Remove low-quality genes

Remove seudogenes, genes with mappability\(<0.9\), and gene pairs with cross-mappability higher than 1.

The code here is for the breast cancer TCGA data. So the genes on chromosomes X and Y are also removed.

rm(list = ls())

options(stringsAsFactors = FALSE)

# dataDGN: dir_data =
# dataDGN: gene.name = colnames(datExpr)

dir_data = "/project2/xuanyao/llw/breastcancerTCGA/txt_file"
setwd(dir_data)

### Data preparation ###
datExpr = readRDS("./ex_var_regressed.rds")
gene.name = sapply(colnames(datExpr), function(x) strsplit(x, "\\|")[[1]][1])

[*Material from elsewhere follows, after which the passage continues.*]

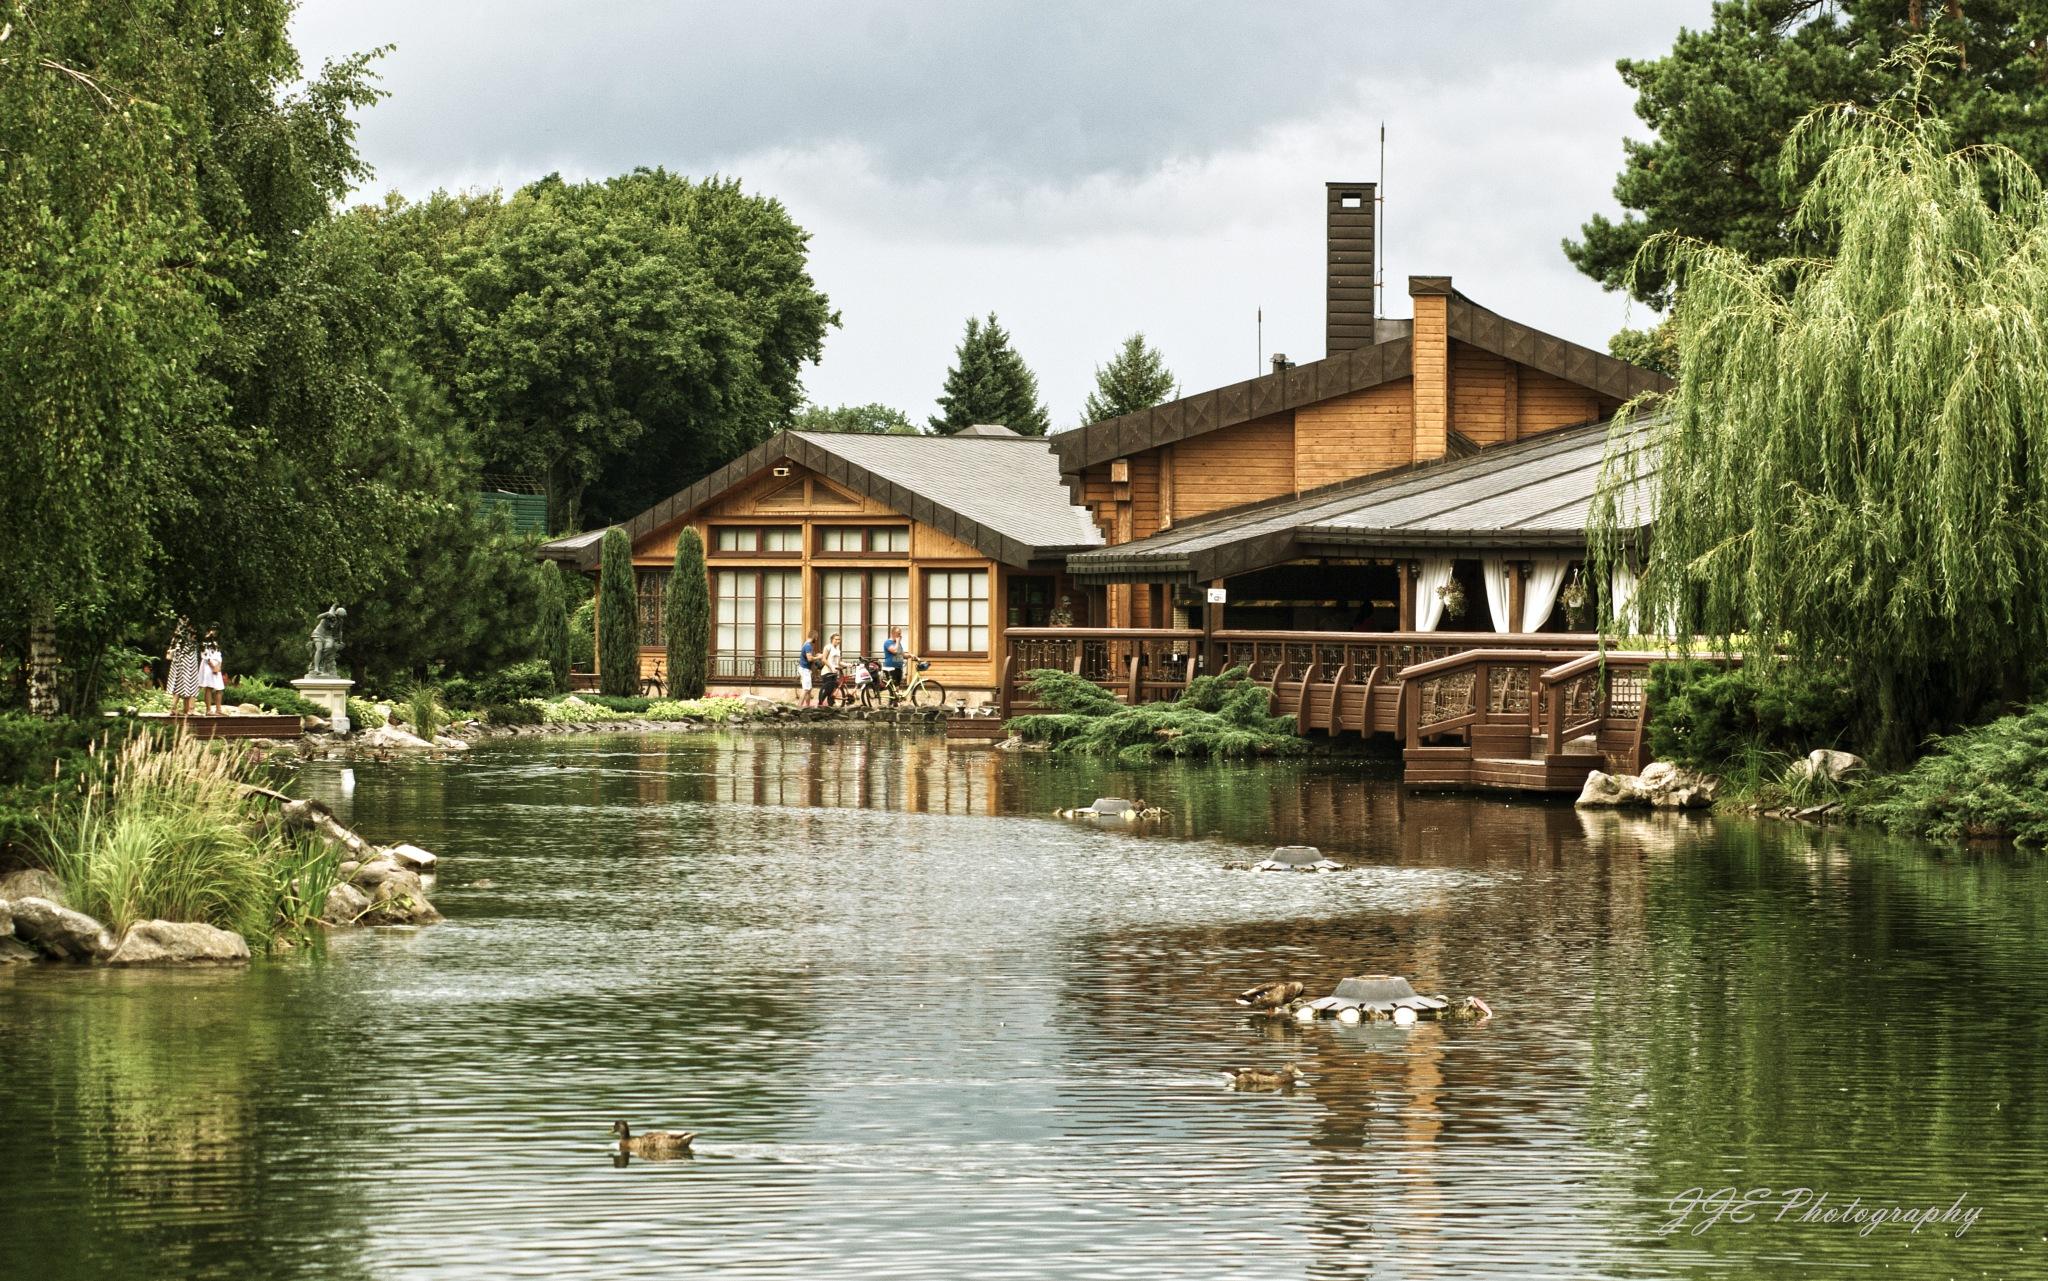 The house by the pond by jassaj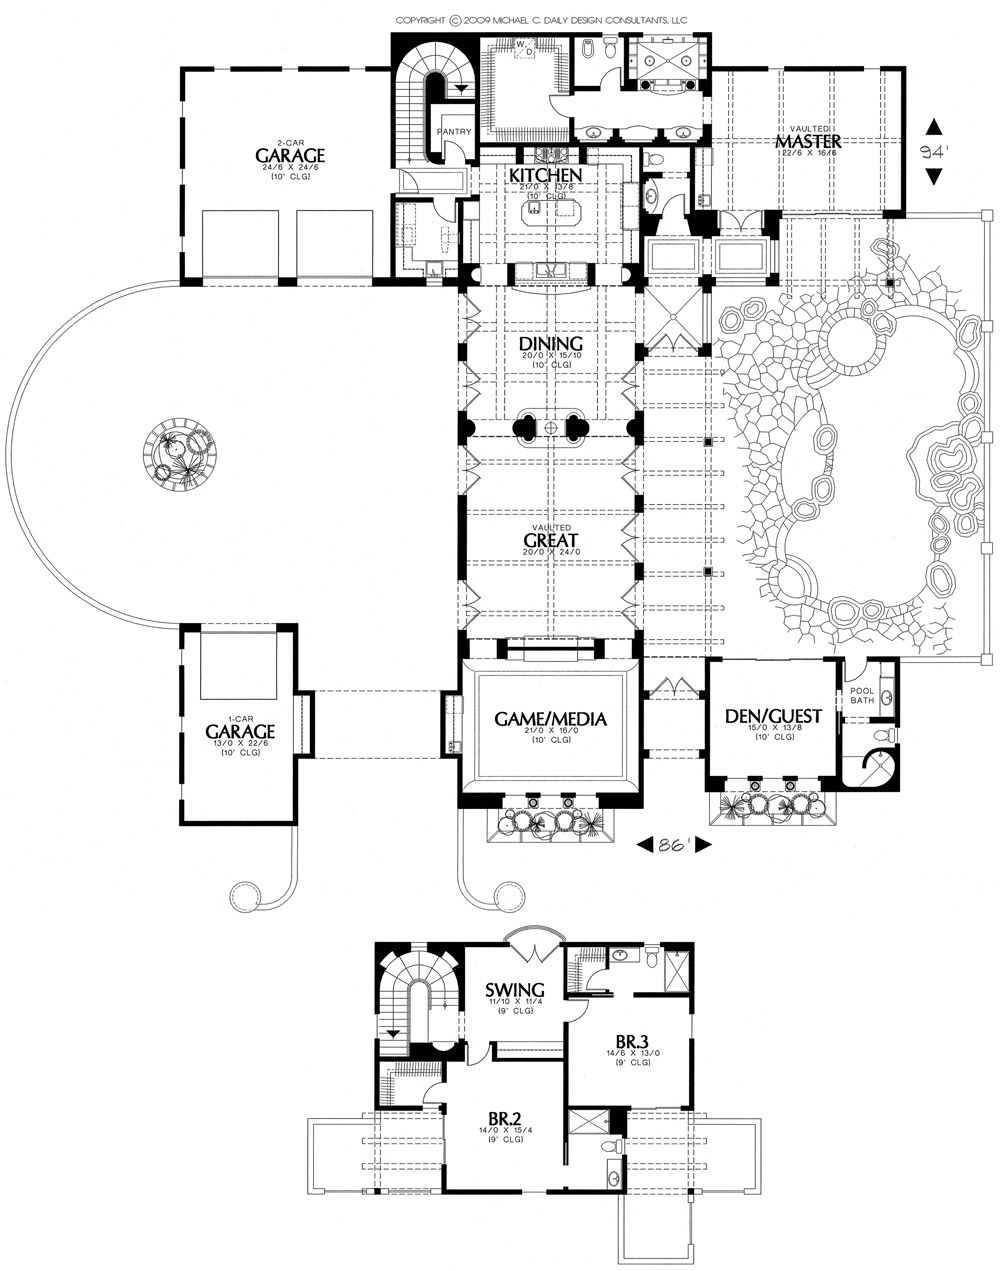 House DesignHome Plans House Plan Courtyard Home Plansanta Fe

# remove genes on chromosome X & Y
gene.meta = read.table("./tumor.gene_pos.txt",
                       header = TRUE,
                       stringsAsFactors = F)
rownames(gene.meta) = gene.meta$gene
ind_chrX = gene.meta[colnames(datExpr), "chr"] == "chrX" | gene.meta[colnames(datExpr), "chr"] == "chrY"

# remove pseudogenes
pseudogenes = read.table("./pseudogenes.txt", sep ="\t", stringsAsFactors = F)
ind_pseudo = gene.name %in% unique(pseudogenes$V1)

# remove low mappability genes
mappability = read.table("./mappability.txt", sep ="\t", stringsAsFactors = F, header = T)
ind_map = gene.name %in% unique(mappability$gene_name)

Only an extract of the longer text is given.